For more on why income is only part of the story, read Your Salary Is Not Your Net Worth (And That's the Forbidden Truth).
How to Add Assets and Subtract Liabilities
Step 1: Add up your assets
Start with the easy stuff.
Cash in checking. Cash in savings. Brokerage accounts. Retirement accounts. Home equity. Vehicles. Bonds. Crypto. That one account from an old job you keep meaning to roll over but instead have turned into a financial ghost story.
Use current market value where possible. Your home is not worth what you emotionally need it to be worth because you painted the guest room "Agreeable Gray." Your car is not worth the amount you still owe. Your investments are worth today's balance, not the balance you screenshot during the best week of 2021.
For vehicles, use a consistent estimate. Kelley Blue Book says Private Party Value can represent what you might expect to receive when selling your own used car to another private party, adjusted for condition and local market factors. That is usually more realistic than "my cousin says trucks hold value."
For I-bonds, check TreasuryDirect. As of May 2026, TreasuryDirect lists Series I Savings Bonds issued from May 1, 2026 through October 31, 2026 at 4.26%, including a 0.90% fixed rate. Count the current redemption value, not the amount you vaguely remember buying.

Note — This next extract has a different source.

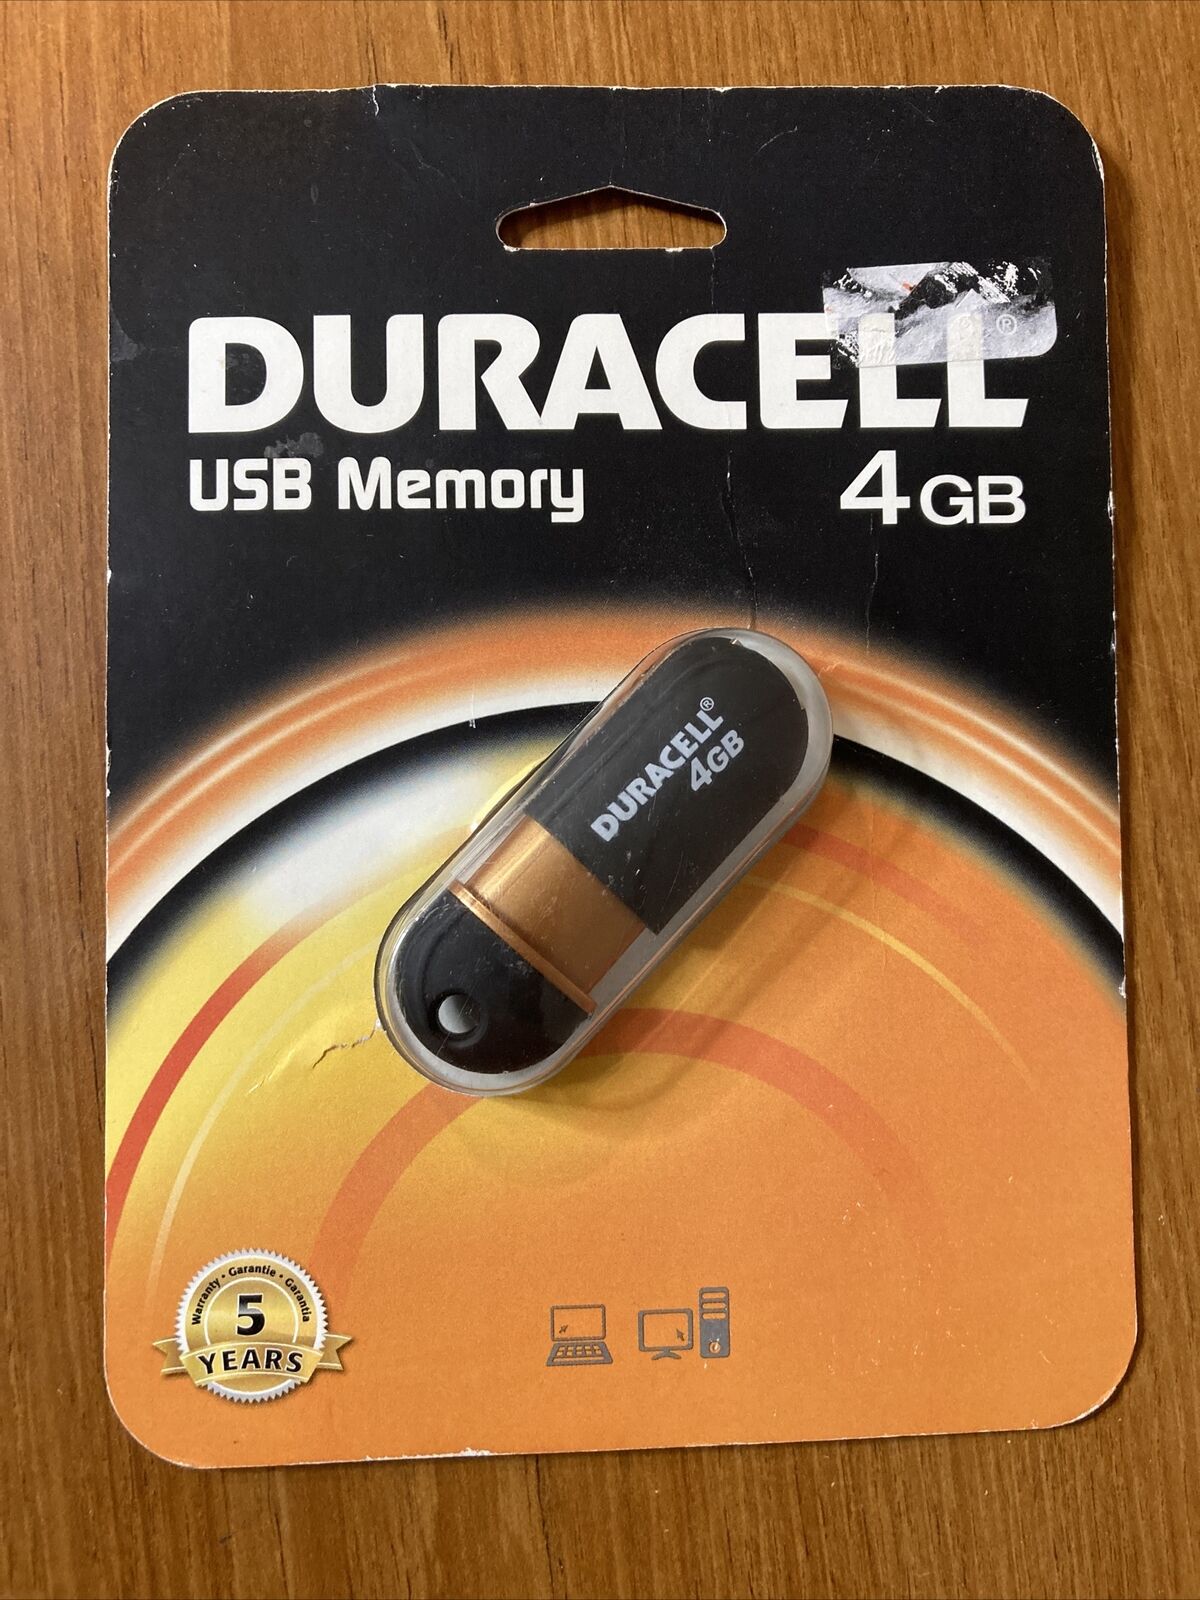 En smule halvø Nævne 4GB Duracell USB Memory Flash Drive - Brand New Sealed 804272729160 | eBay

Step 2: Subtract your liabilities
Now list what you owe.
Mortgage. Student loans. Auto loans. Credit cards. Personal loans. Medical debt. Taxes owed. Family loans. Buy now, pay later balances. Anything where future-you has already been assigned a bill.
This is where people suddenly become poets.
"It's not really debt, it's more like an arrangement."
Nope. If you owe someone money, it goes in the liability column. That includes your aunt, your roommate, your dentist, your brokerage margin account, and the four-payment purchase for shoes that are somehow both "interest-free" and emotionally expensive.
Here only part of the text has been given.